We believe it is important to uncover tinnitus subgroups to identify subsets of patients most likely to benefit from different treatments. We review strategies for subgrouping based on etiology, subjective reports, the audiogram, psychoacoustics, imaging, and cluster analysis.

Method

Preliminary results of a 2-step cluster analysis based on 246 participants from whom we had 26 categorical and 25 continuous variables were determined.

Results

A 4-cluster solution suggested the following subgroups: (a) constant distressing tinnitus, (b) varying tinnitus that is worse in noise, (c) tinnitus patients who are copers and whose tinnitus is not influenced by touch (somatic modulation), and (d) tinnitus patients who are copers but whose tinnitus is worse in quiet environments.

Conclusions

Subgroups of tinnitus patients can be identified by using statistical approaches. The subgroups we identify here represent a preliminary attempt at identifying such patients. One next step would be to explore clinical trials of tinnitus treatments based on subgroup analyses or on using subgroups in the selection criteria.

Keywords: tinnitus, subgroups, cluster analysis


Tinnitus is a symptom but likely has many causes. It may be the case that any single treatment will not be effective for treating all tinnitus patients but that different treatments will be needed for different subgroups. There is a long-standing interest in the identification of these subgroups. For example, Tyler and Baker (1983) observed that some tinnitus sufferers avoided noisy situations, whereas others avoided quiet situations. They postulated that ”these contrasts may suggest two subcategories of tinnitus [patients]” (Tyler & Baker, 1983, p. 152). Tyler (1984) observed that ”psychophysical masking studies suggests there are different types of tinnitus” (p. 43).

In this article, we briefly review some possible strategies for determining tinnitus subgroups and then focus on some preliminary data from questionnaires and psychoacoustic measures using a cluster analysis.

Strategies for Subgrouping

Etiology

Many of the causes and mechanisms involved in hearing loss are likely involved in tinnitus. Some of the more common and widely accepted causes are noise, aging, medications, head injury, and Ménière's disease. Unfortunately, many of the causes of tinnitus are unknown.
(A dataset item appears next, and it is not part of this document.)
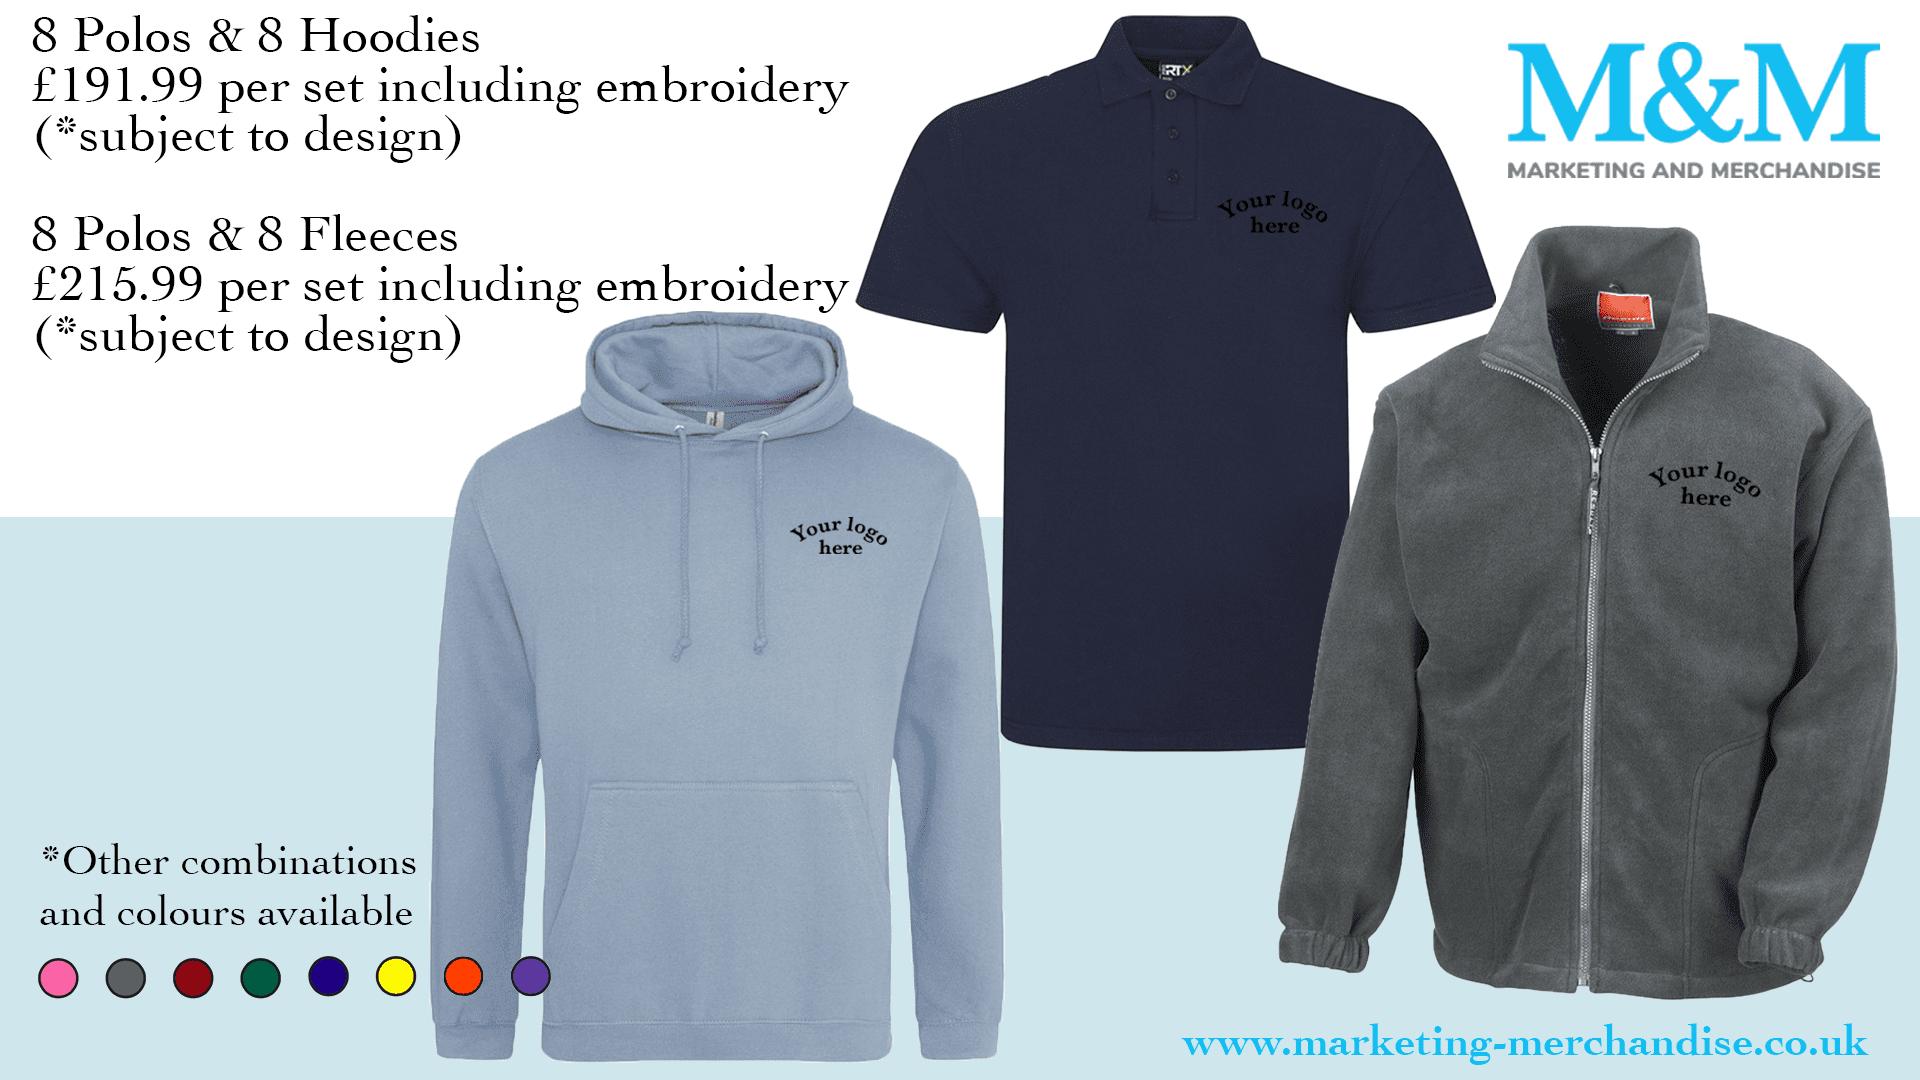 branded uniform shirts Marketing and Merchandise sweatshirts

Stouffer and Tyler (1990) found that 23% of their male participants reported that noise exposure had likely caused their tinnitus, but 46% of the 528 tinnitus patients had no idea what might have caused their tinnitus. It may also be that the cause of tinnitus varies within these categories. For example, impulsive noise might create a different kind of tinnitus compared with tinnitus caused by continuous noise. In addition, the aging process might affect people differently. Different medications are likely to have different effects on individuals with different metabolisms, and the category of tinnitus caused by head injuries might depend on where in the brain the injury occurs.

Subjective Reports

Because tinnitus is a subjective phenomenon, the patients’ own descriptions of their problem provide valuable insights. Stouffer and Tyler (1990), for example, noted that 38% of their tinnitus patients reported hearing a ringing sound and 11% heard a buzzing sound.
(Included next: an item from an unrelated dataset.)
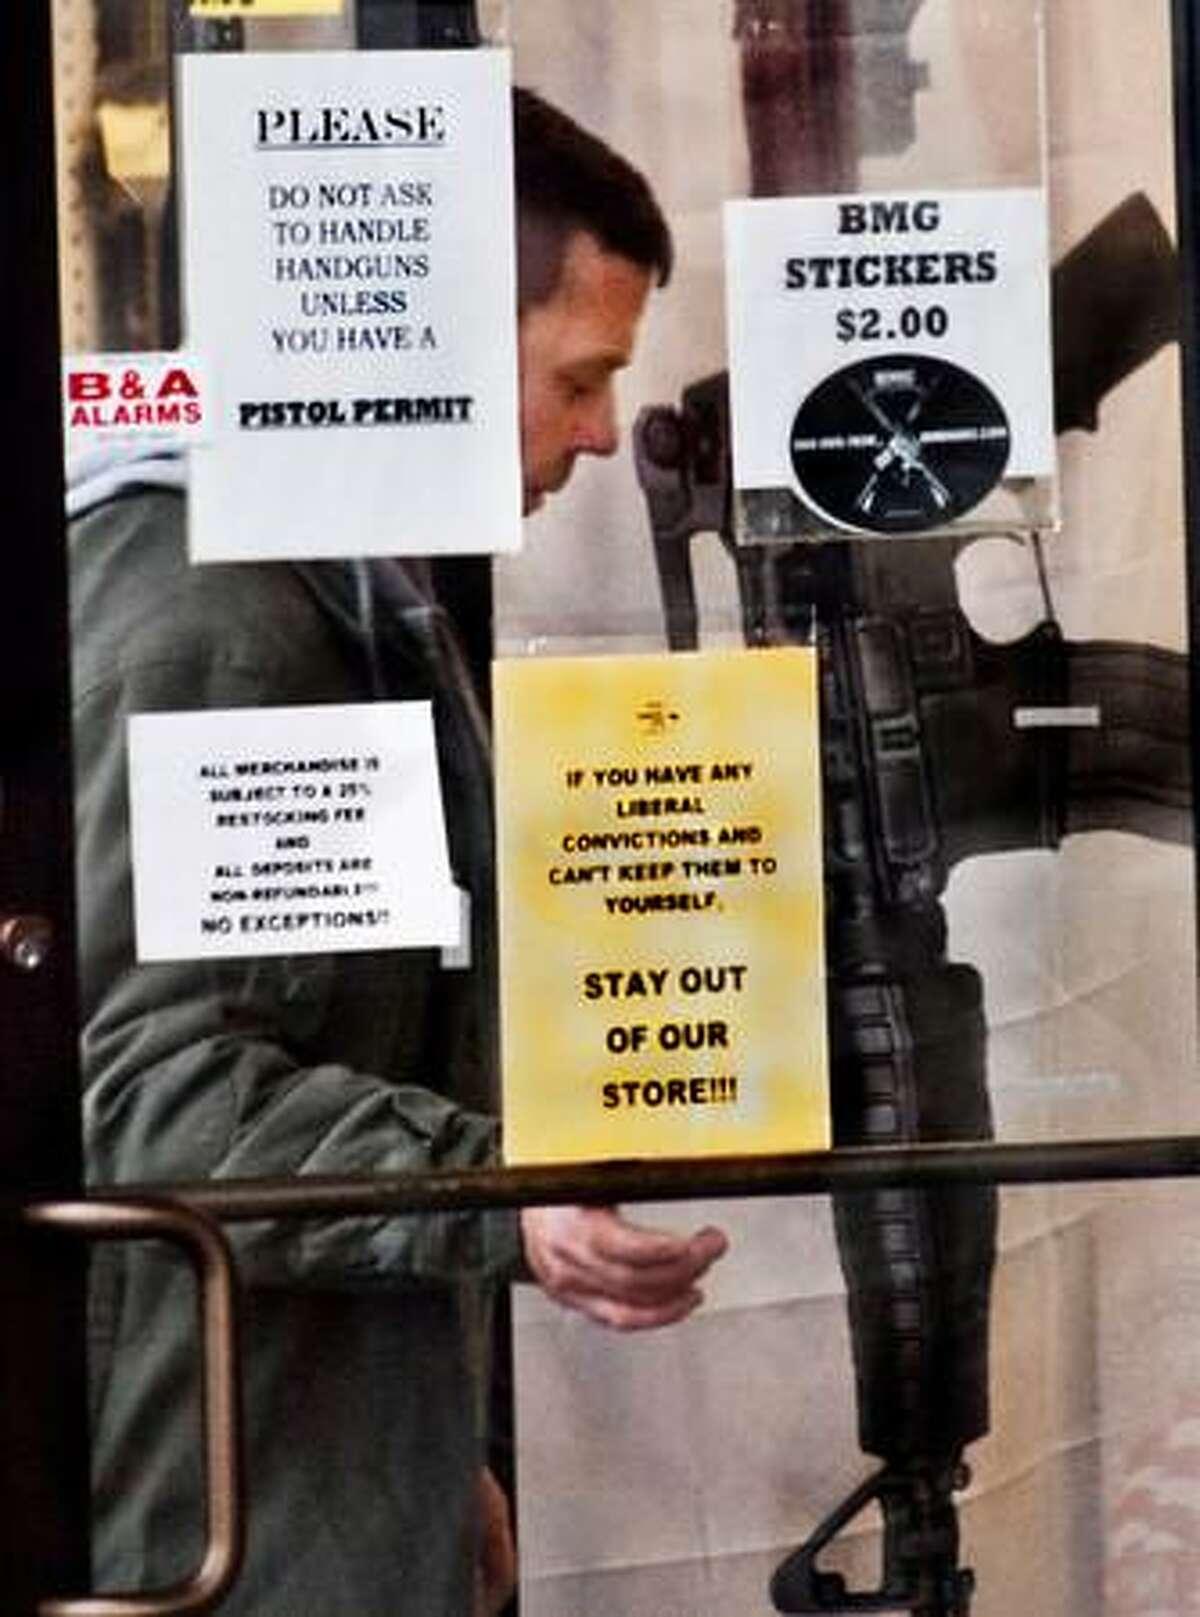 Newington-A man walks into BMG gun shop, in Newington. Melanie Stengel/Register

We have recently (Tao et al., 2008) grouped these descriptions into the following:

  • tonal (including hissing, musical note, ringing, steam whistle, whistling)
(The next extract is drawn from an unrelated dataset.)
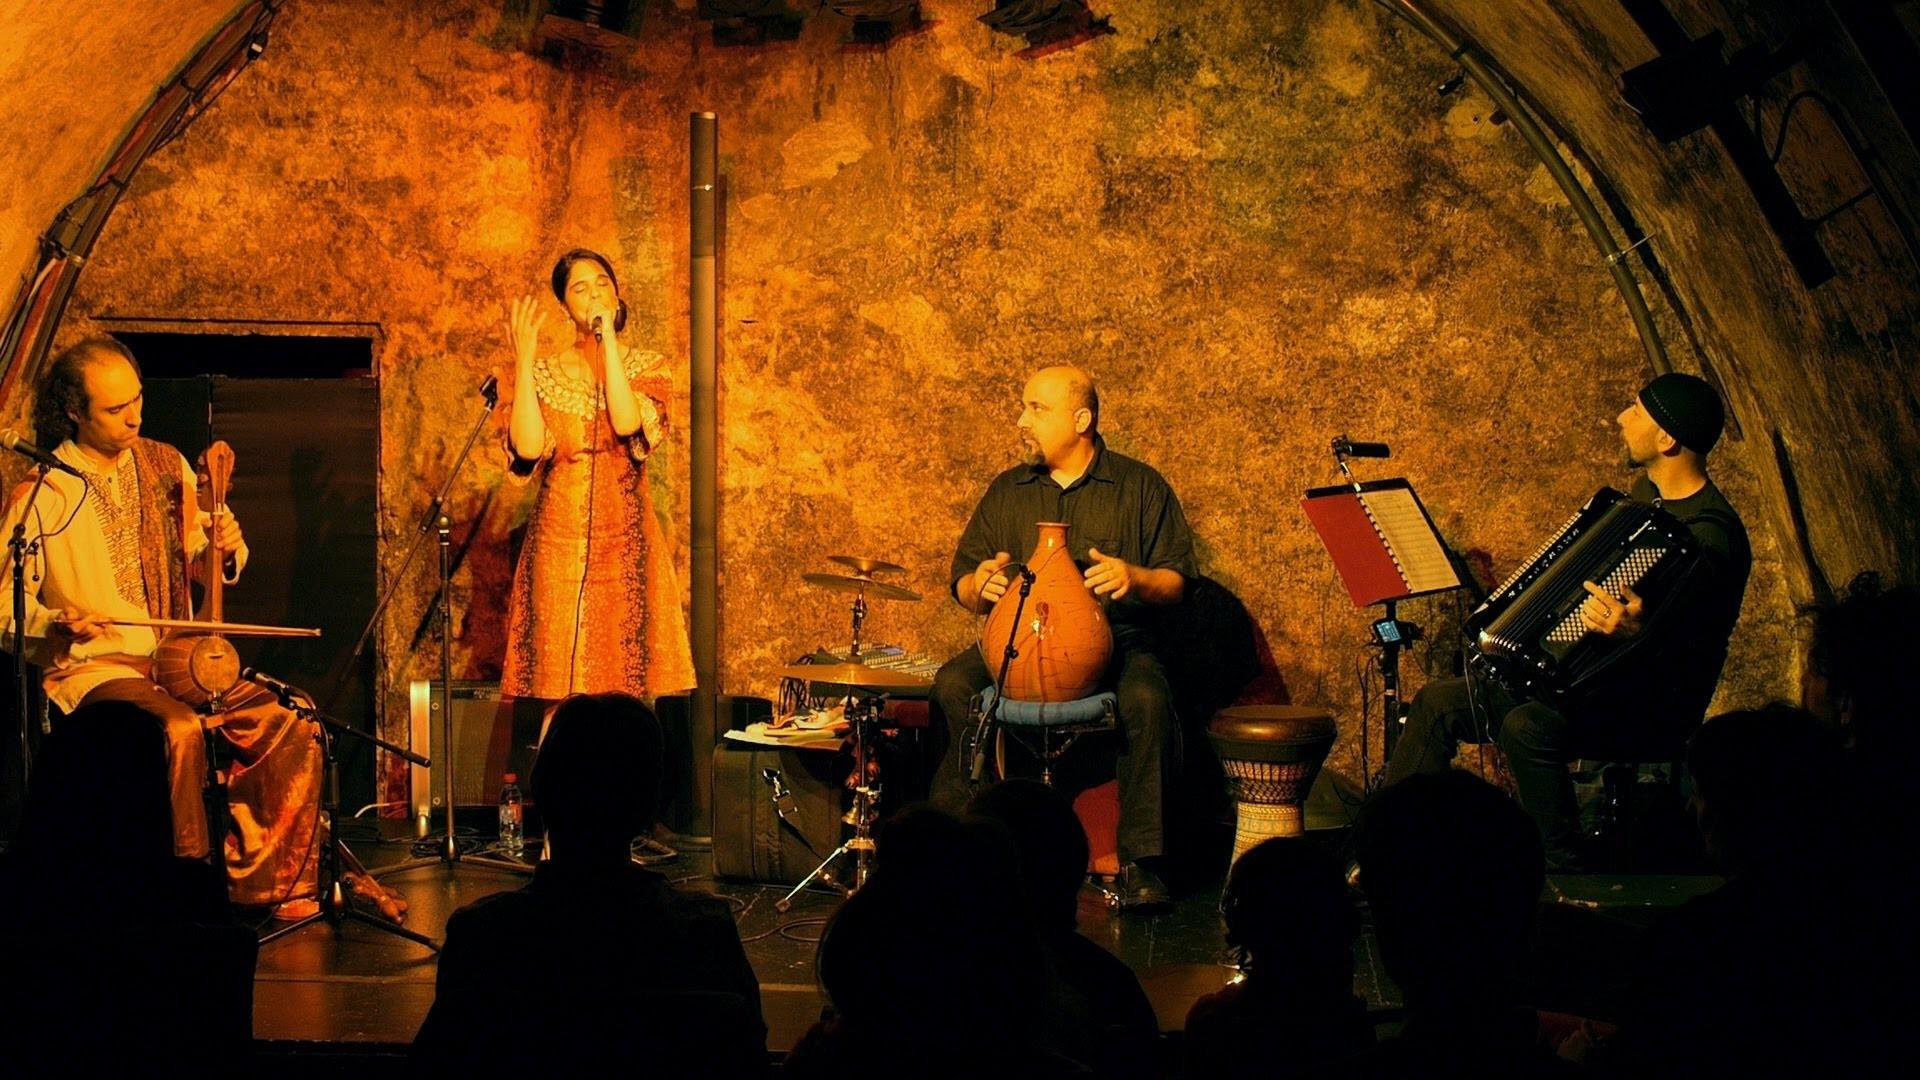 Jewish Sepahrdi songs – La Serena & Dos amantes   Kedem Ensemble

  • noise (including buzzing, humming, roaring, rushing, whooshing)

  • crickets (including clicking, cricket-like)

  • pulsing

  • other

One can imagine that noise-like tinnitus might activate a large array of fibers, or that a tonal or cricket-like tinnitus might be represented by periodic activity. But patients’ descriptions of their tinnitus are likely influenced by their personal experiences, and some are not very articulate.

Audiogram

Tinnitus is closely linked to hearing loss, and some of the proposed models of tinnitus are linked to hearing loss (e.g., Salvi, Lockwood, & Burkard, 2000; Salvi, Wang, & Powers, 1996) and audiogram shape (Norena, Micheyl, Chery-Croze, & Collet, 2002). We have been exploring different audiogram shapes in tinnitus patients (Tao et al., 2008) and have identified the following shapes:

  • flat loss

  • low-frequency hearing loss

  • normal hearing

  • notch

  • others (shape not typical)

  • gradual slope loss

  • steep slope loss

  • inverted U shape

However, similar audiograms might be produced by different causes. Furthermore, it may be that hearing thresholds at octaves are insufficient to provide an adequate characterization of the details of hair cell and nerve fiber survival. It could even be the case that hearing thresholds below 125 Hz and above 8000 Hz are helpful.

Psychoacoustics

We have suggested for some time that detailed psychoacoustic studies should provide an important basis for identifying subgroups (e.g., Tyler, Babin, & Niebuhr, 1984; Tyler, 2000).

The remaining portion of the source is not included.